Universities of all sizes are expected to show their accrediting agency that their students are gaining knowledge from the college experience. In practice, this means that universities require programs to collect and analyze data about their students' performance and take action based on these results. This often means that certain student learning outcomes (SLOs) are collected from specific classes in the program (usually required classes late in the program).
The Project Based Assessment web app can be used for academic assessment. In fact, the author's department adopted this method to assess all learning goals in the MS Economics program. The program's learning goals are assessed in three courses. For the purposes of this documentation, we will discuss select items measured in graduate Econometrics. (Note that the full Econometrics results contain estimates for nine rubric rows.)
Metrics - 2.2
0.168
0.056
Metrics - 2.4
0.020
-0.092
"Metrics - 2.2" and "Metrics - 2.4" are traits of SLO 2: "Students will demonstrate understanding of regression assumptions, including violations of said assumptions." Both are at the same Bloom's level (application) and test similar concepts ("Students will identify regression assumption violations" [2.2] and "Students will demonstrate how to address regression assumption violations" [2.4]). Moreover, the instructor intended them to be at similar difficulty levels. Nonetheless, the results suggest they were not of equal difficulty. The instructor concluded that the question used for 2.4 was not at the intended difficulty and should be adjusted.
It is also common in assessment procedures to wonder how the results have changed over time. This was of particular interest in the two semesters where this procedure was adopted as one section of Econometrics was taught in person and the other was taught over Zoom. The results suggest, both visually and by the statistical tests provided by the software, that students perform equally both semesters.

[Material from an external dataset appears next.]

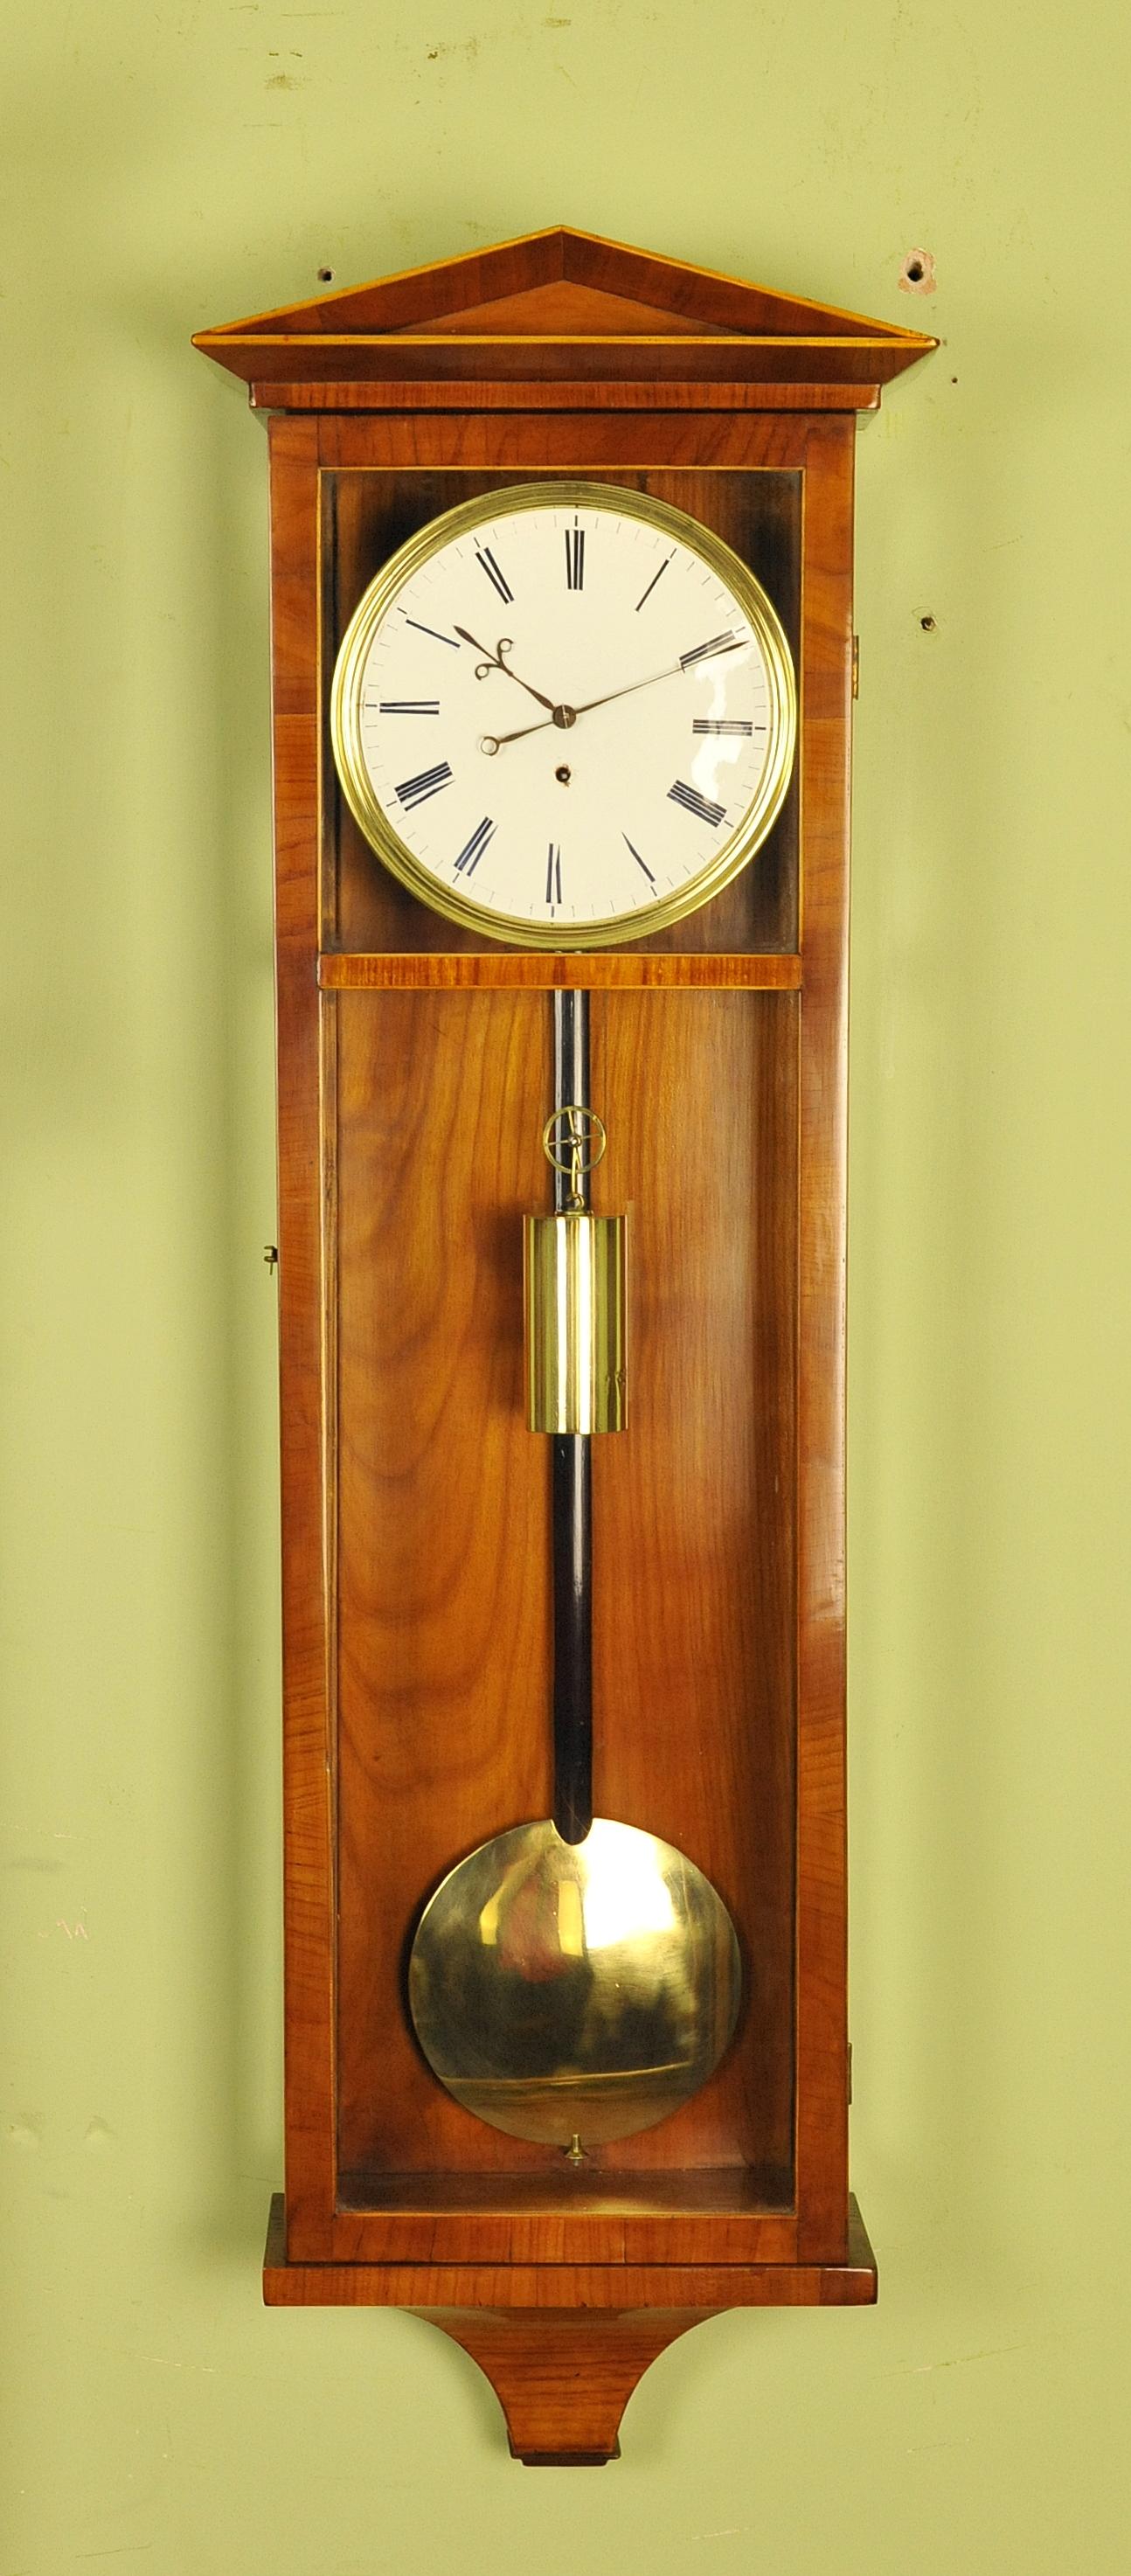 19th Century Satinwood Dachluhr Vienna Regulator Wall Clock For Sale

Note that in the case of all three courses, the department used the print feature discussed at the bottom of the "Interpretation" section to produce PDF appendices for the university's assessment committee.

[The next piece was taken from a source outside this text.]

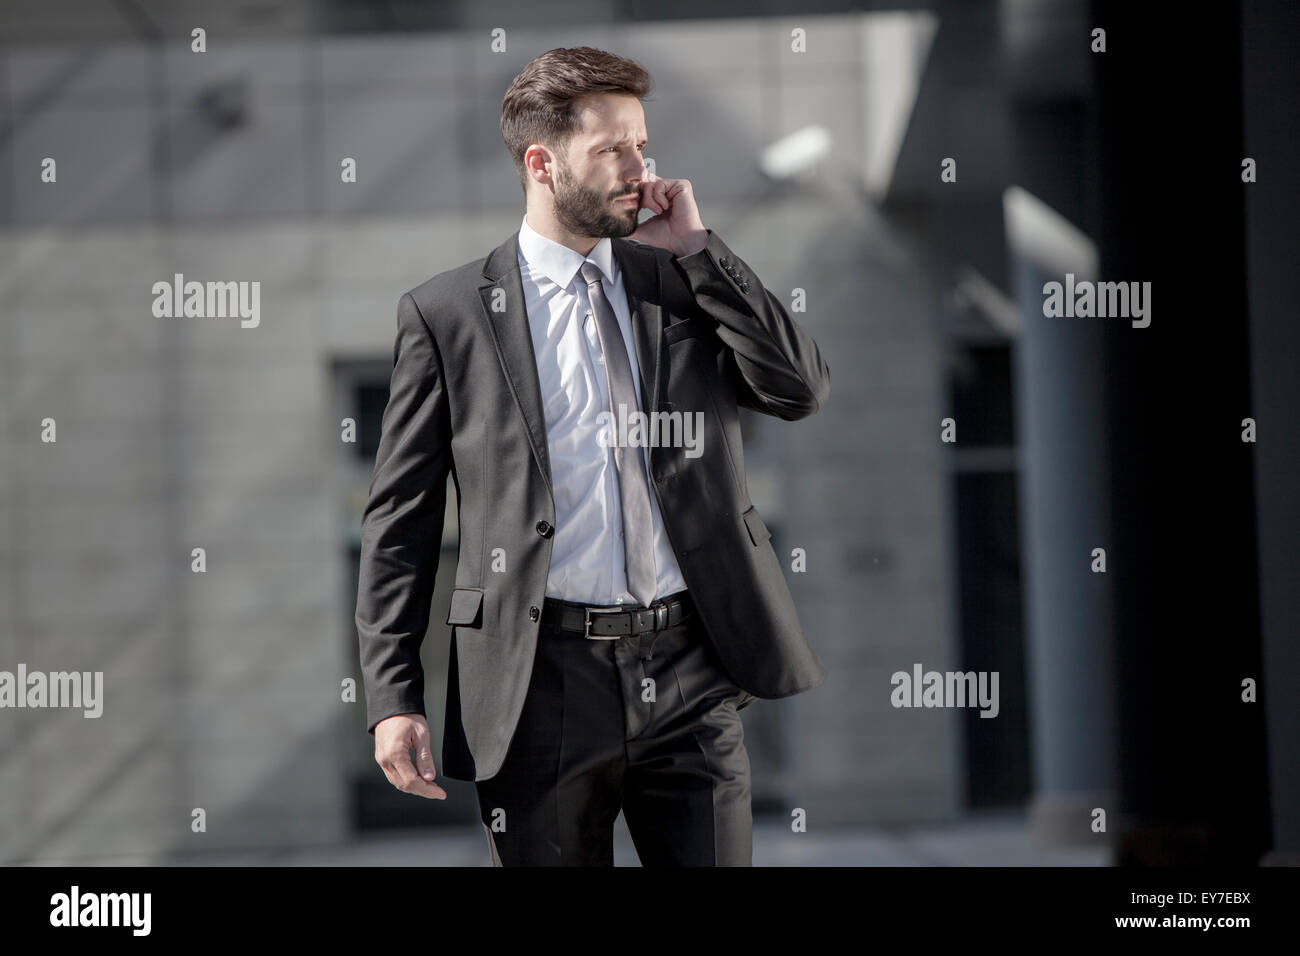 Businessman using phone outdoors Stock Photo

Smith and Wooten (2023) includes a Python package that can be used by researchers who are interested in adopting the method presented in the paper. This can be a good option for researchers who are interested in integrating the estimation routine into a larger data pipeline and are familiar with Python.

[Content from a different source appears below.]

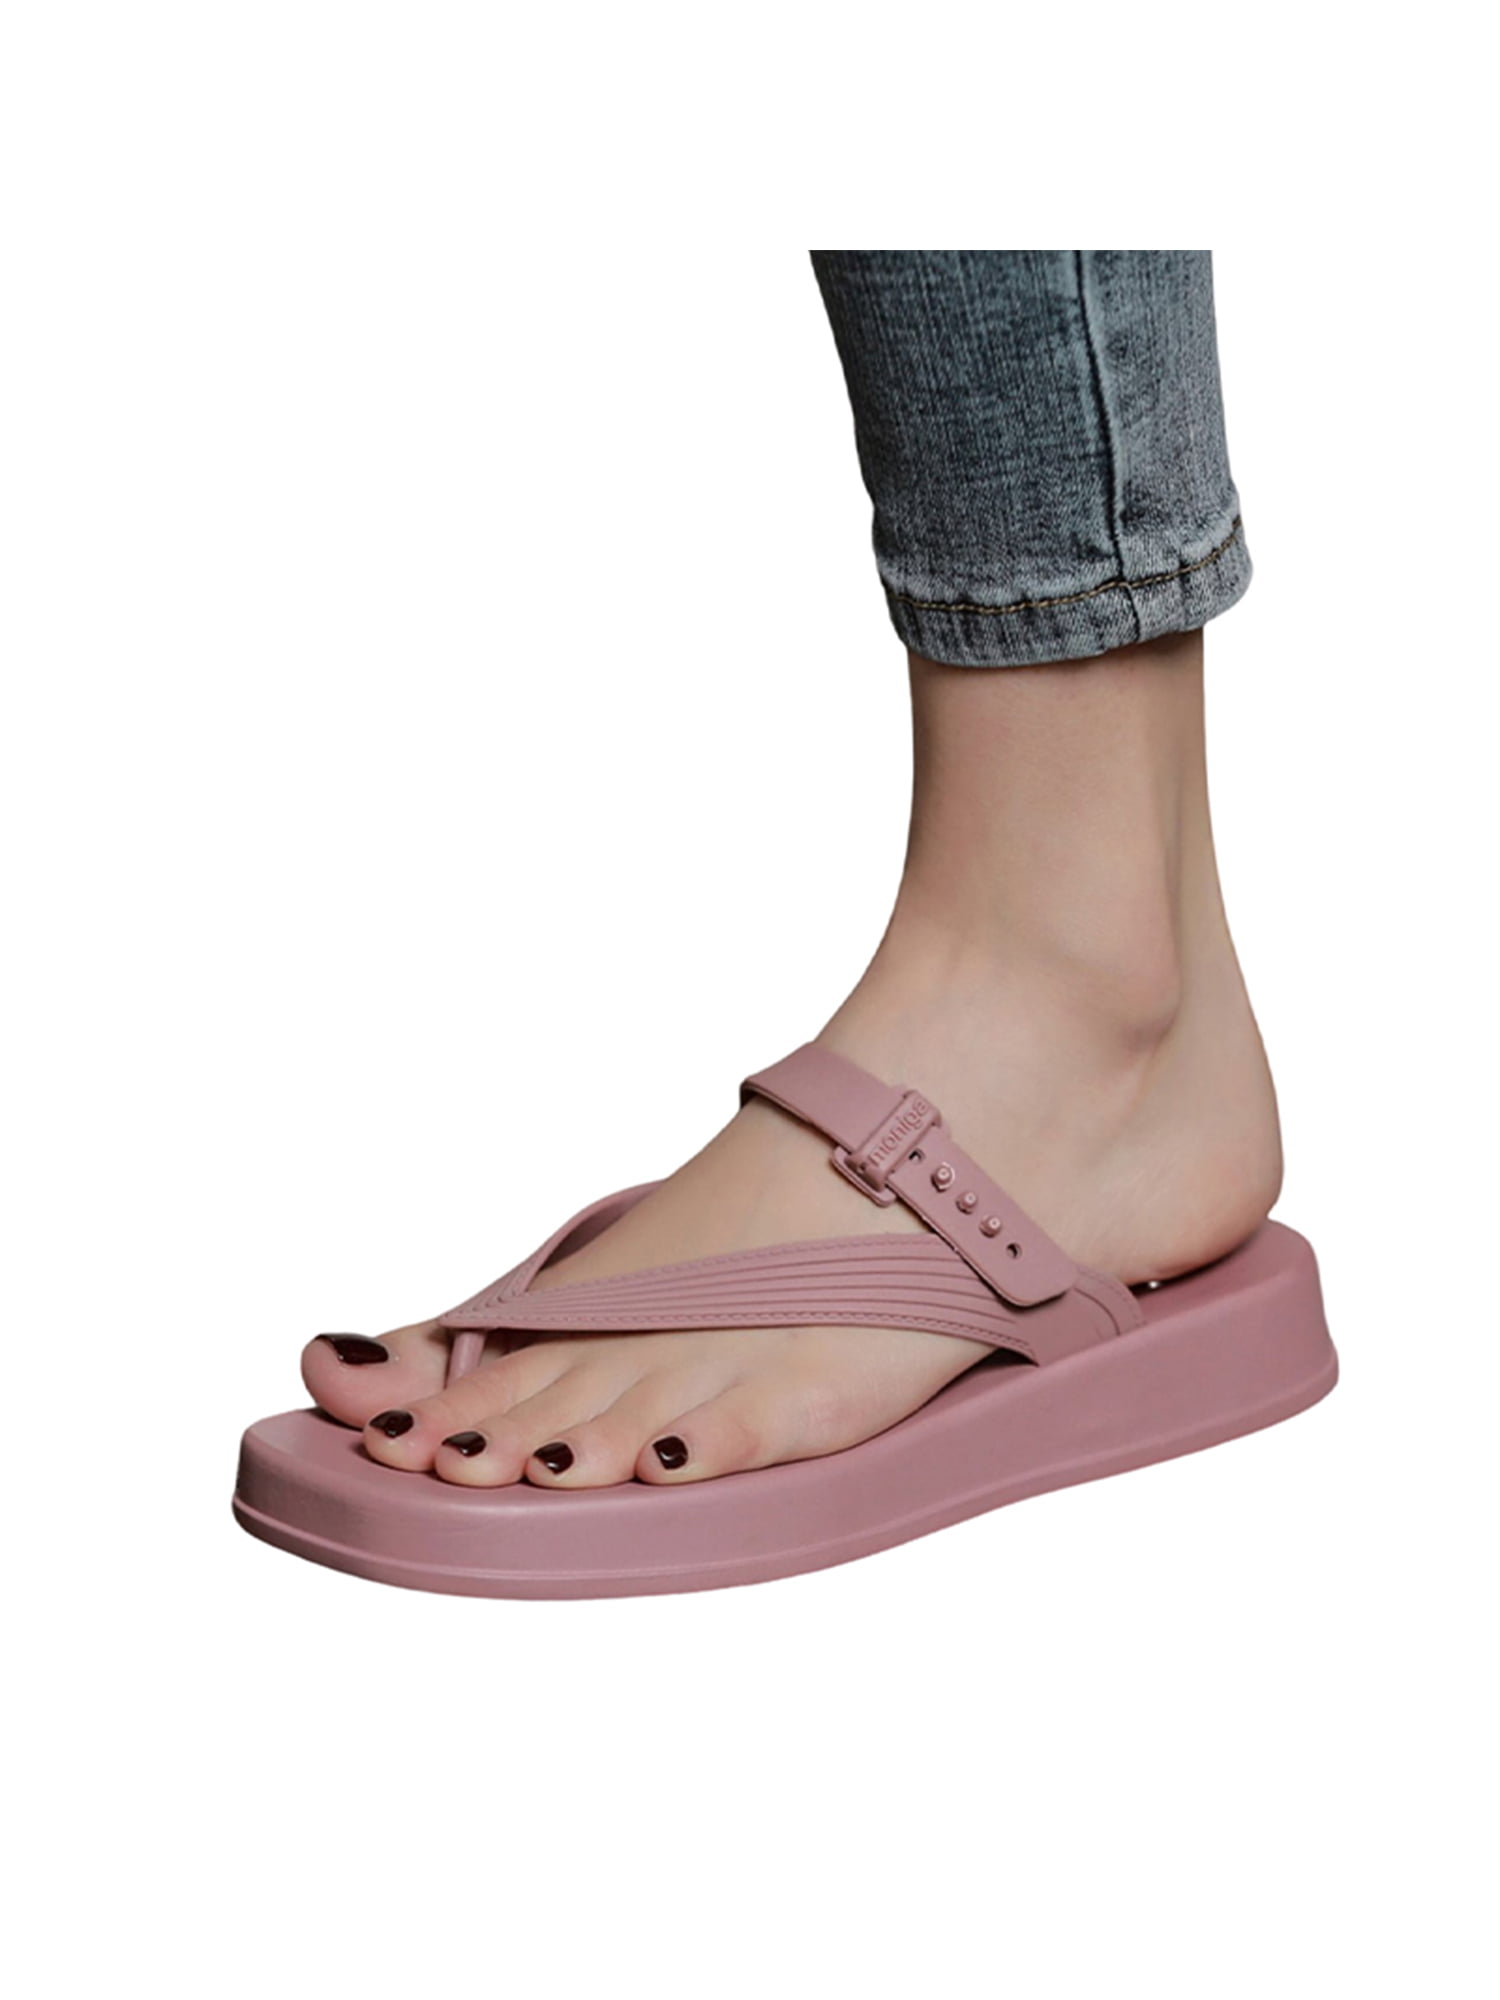 Eloshman Ladies Flip Flops Beach Slide Sandal Slip On Thong Sandals Summer  Casual Strap Buckle Shoes Lightweight Slides Milk Tea Color 5.5

However, even in the research context, the web application might be all the researcher needs to test their intervention. As highlighted in the two sections above, the web app can create separate groups of students and compare them both visually and statistically. p-values for following statistical tests are provided: Mann-Whitney, Kruskal–Wallis, Anderson-Darling, and Kolmogorov-Smirnov. Thus, as in the example provided in the introductory video, if a treatment is implemented for some of the students, the researcher can statistically compare these students to those who did not recieve the treatment.